▽

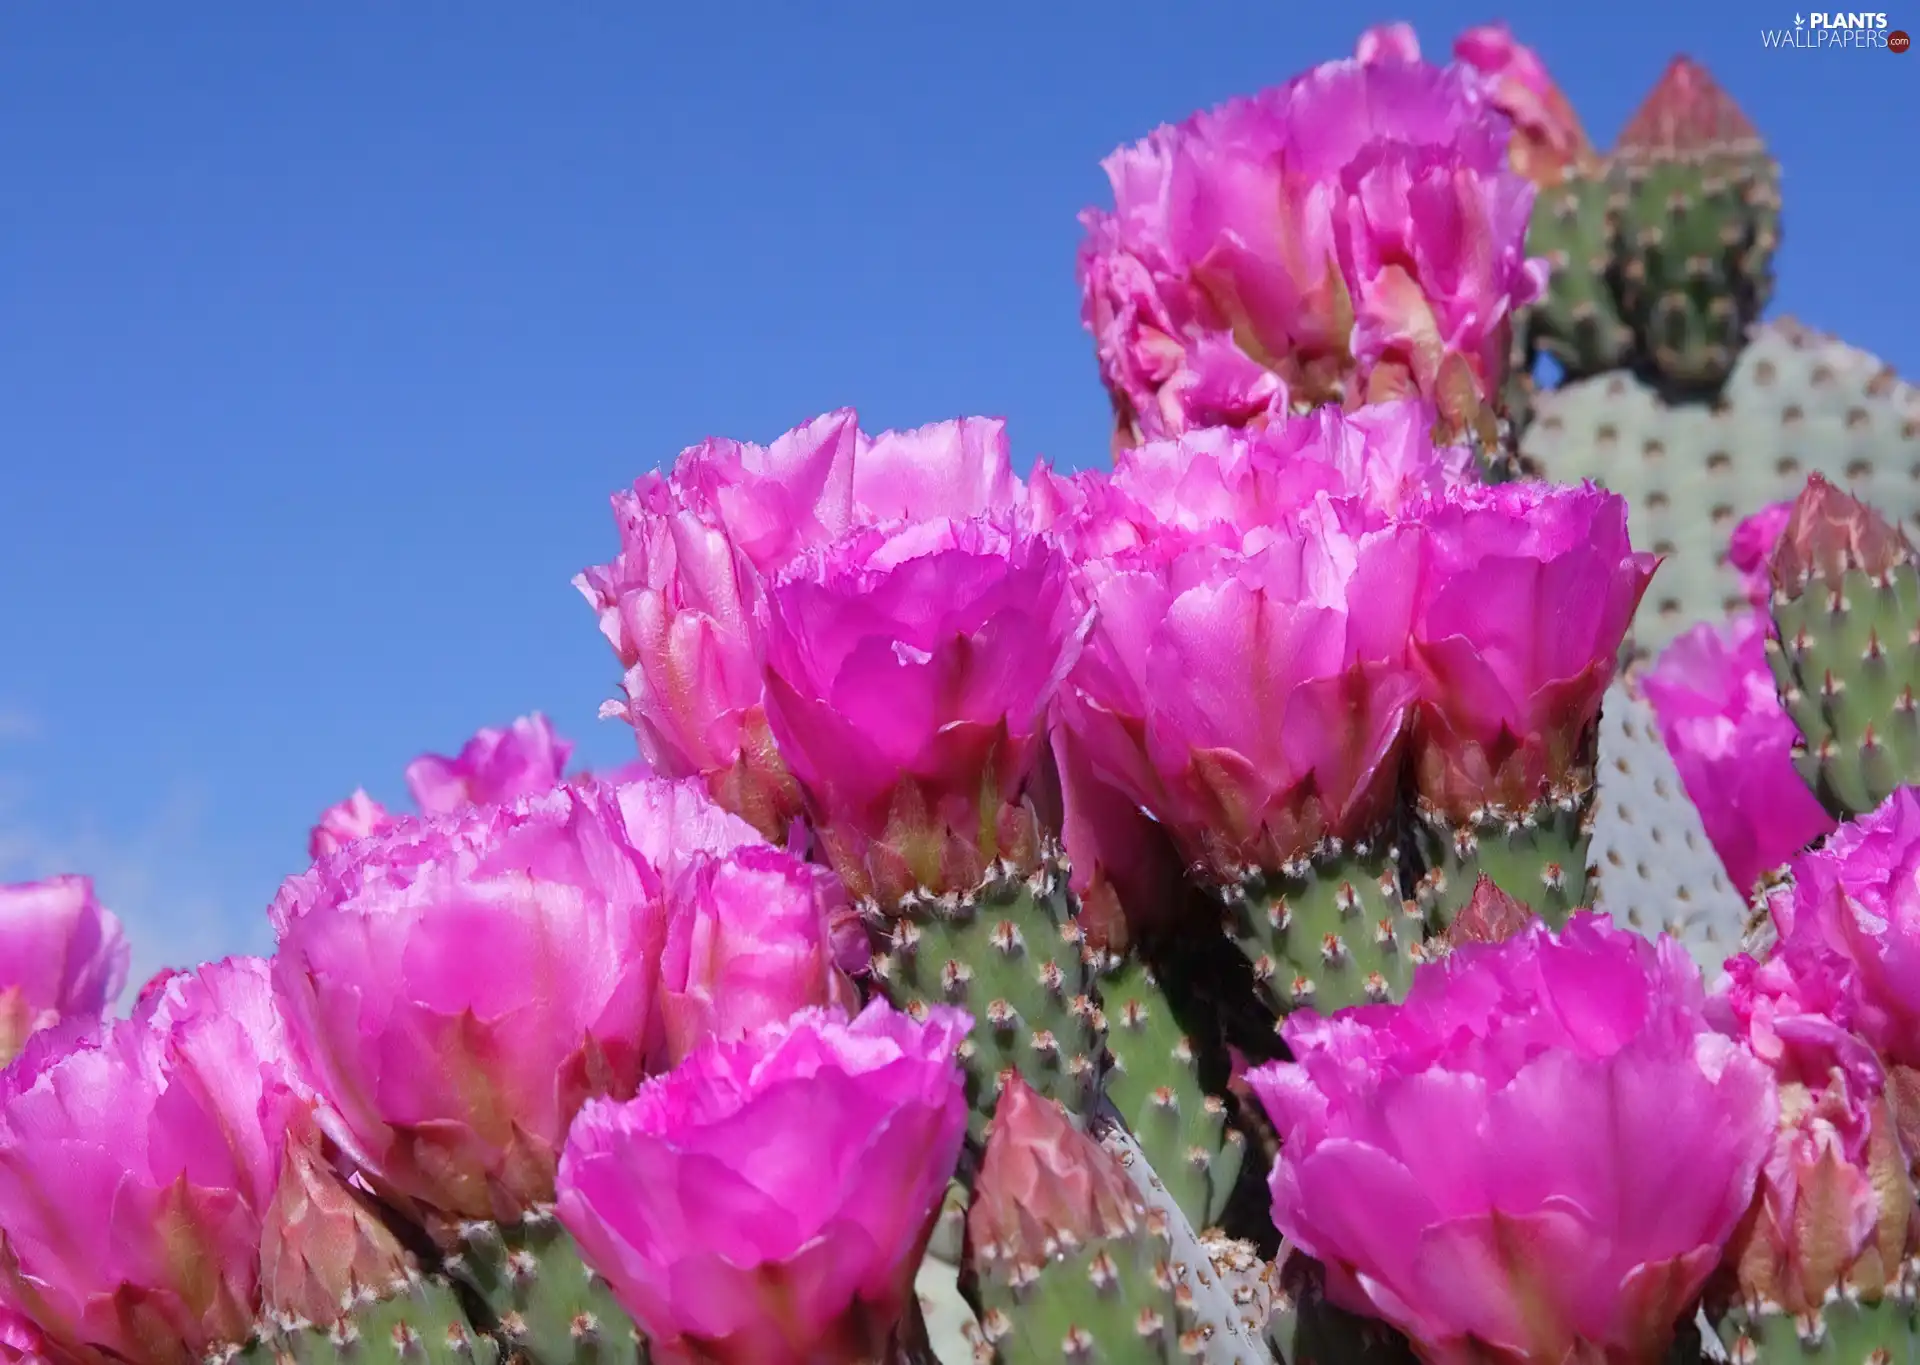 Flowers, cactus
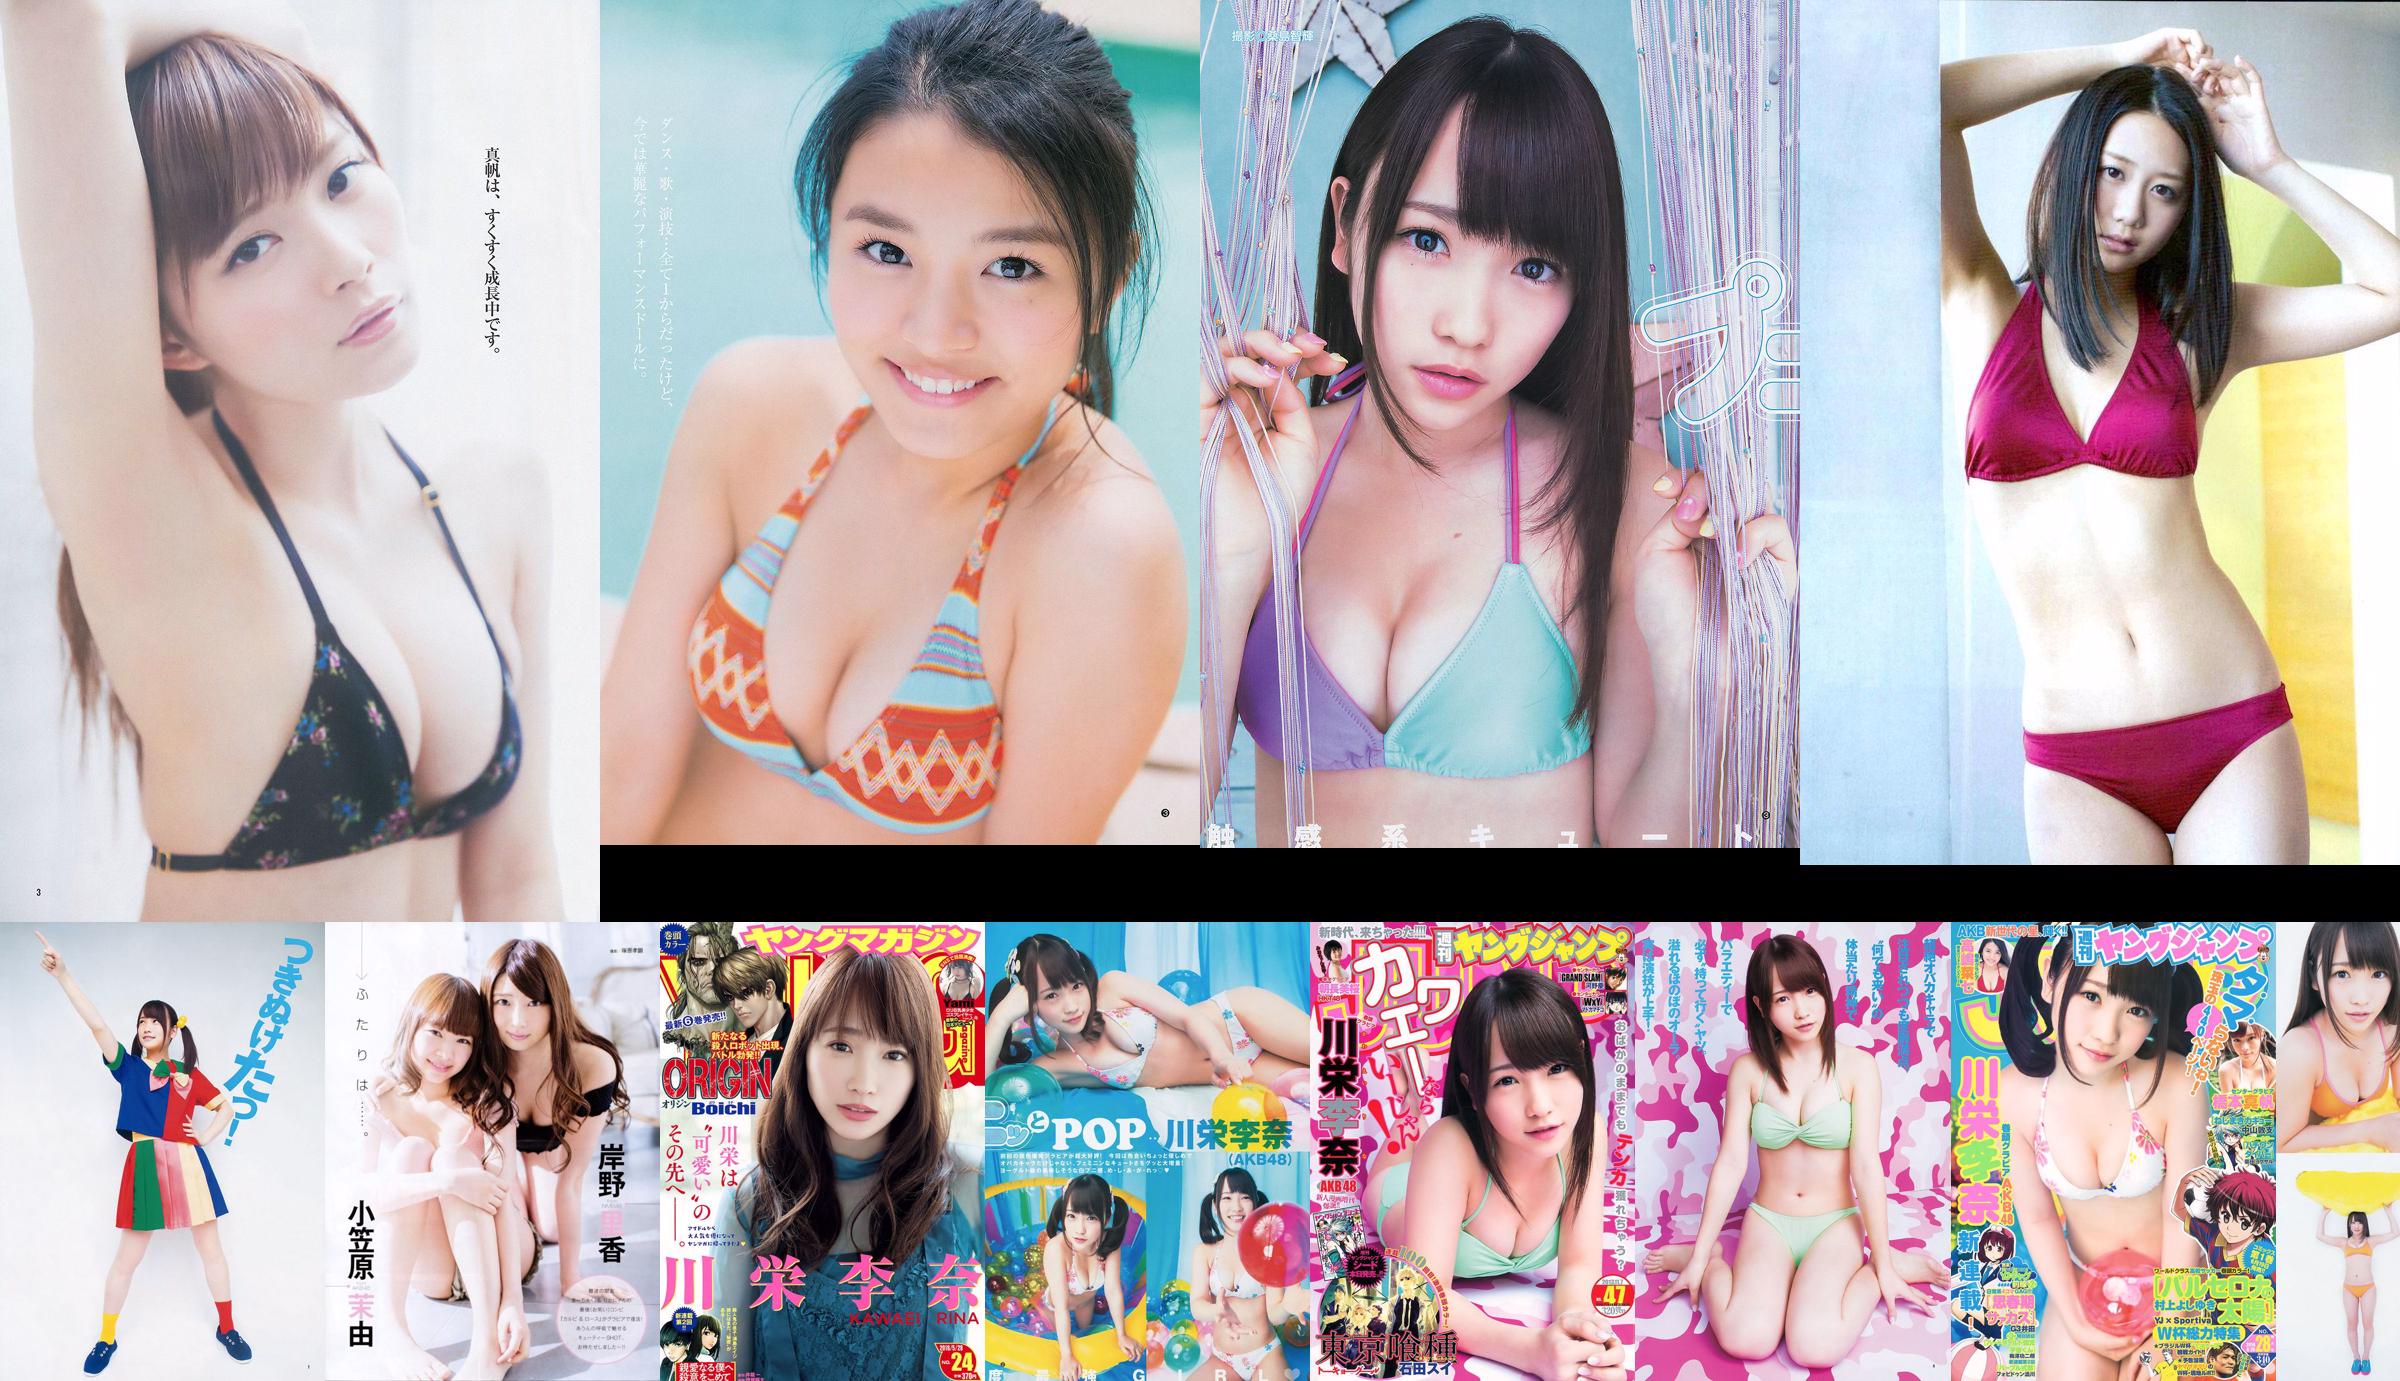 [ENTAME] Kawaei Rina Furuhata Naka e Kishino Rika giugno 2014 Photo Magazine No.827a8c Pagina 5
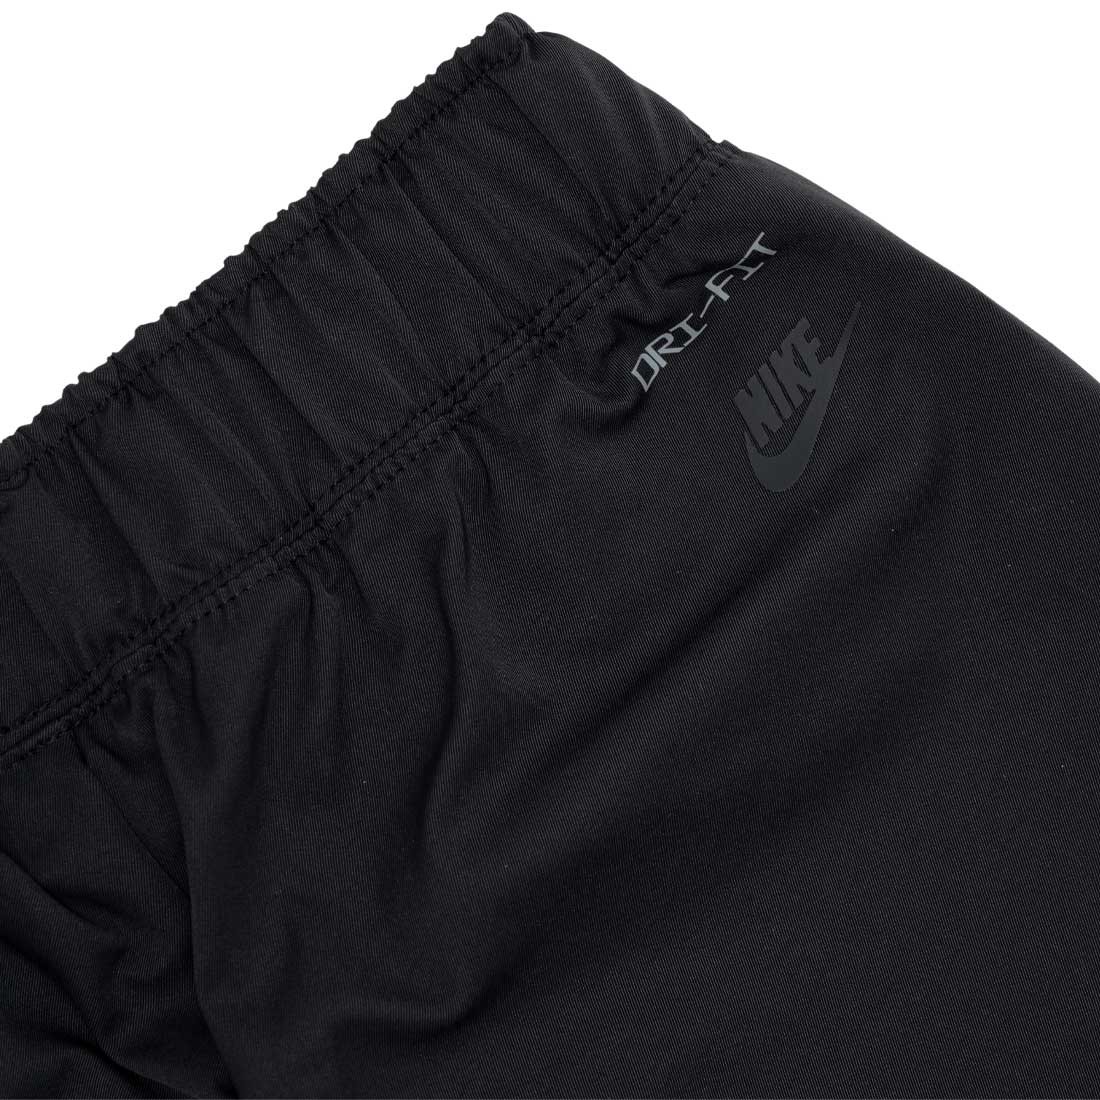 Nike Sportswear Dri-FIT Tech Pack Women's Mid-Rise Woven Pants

△

What this task involves = Copy out exactly, without any pictures, the lines above that begin at the one with "[ENTAME] Kawaei Rina" and end at the last line of the listing.

Solution to the exercise =
 [ENTAME] Kawaei Rina Furuhata Naka e Kishino Rika giugno 2014 Photo Magazine No.827a8c Pagina 5
 Nike Sportswear Dri-FIT Tech Pack Women's Mid-Rise Woven Pants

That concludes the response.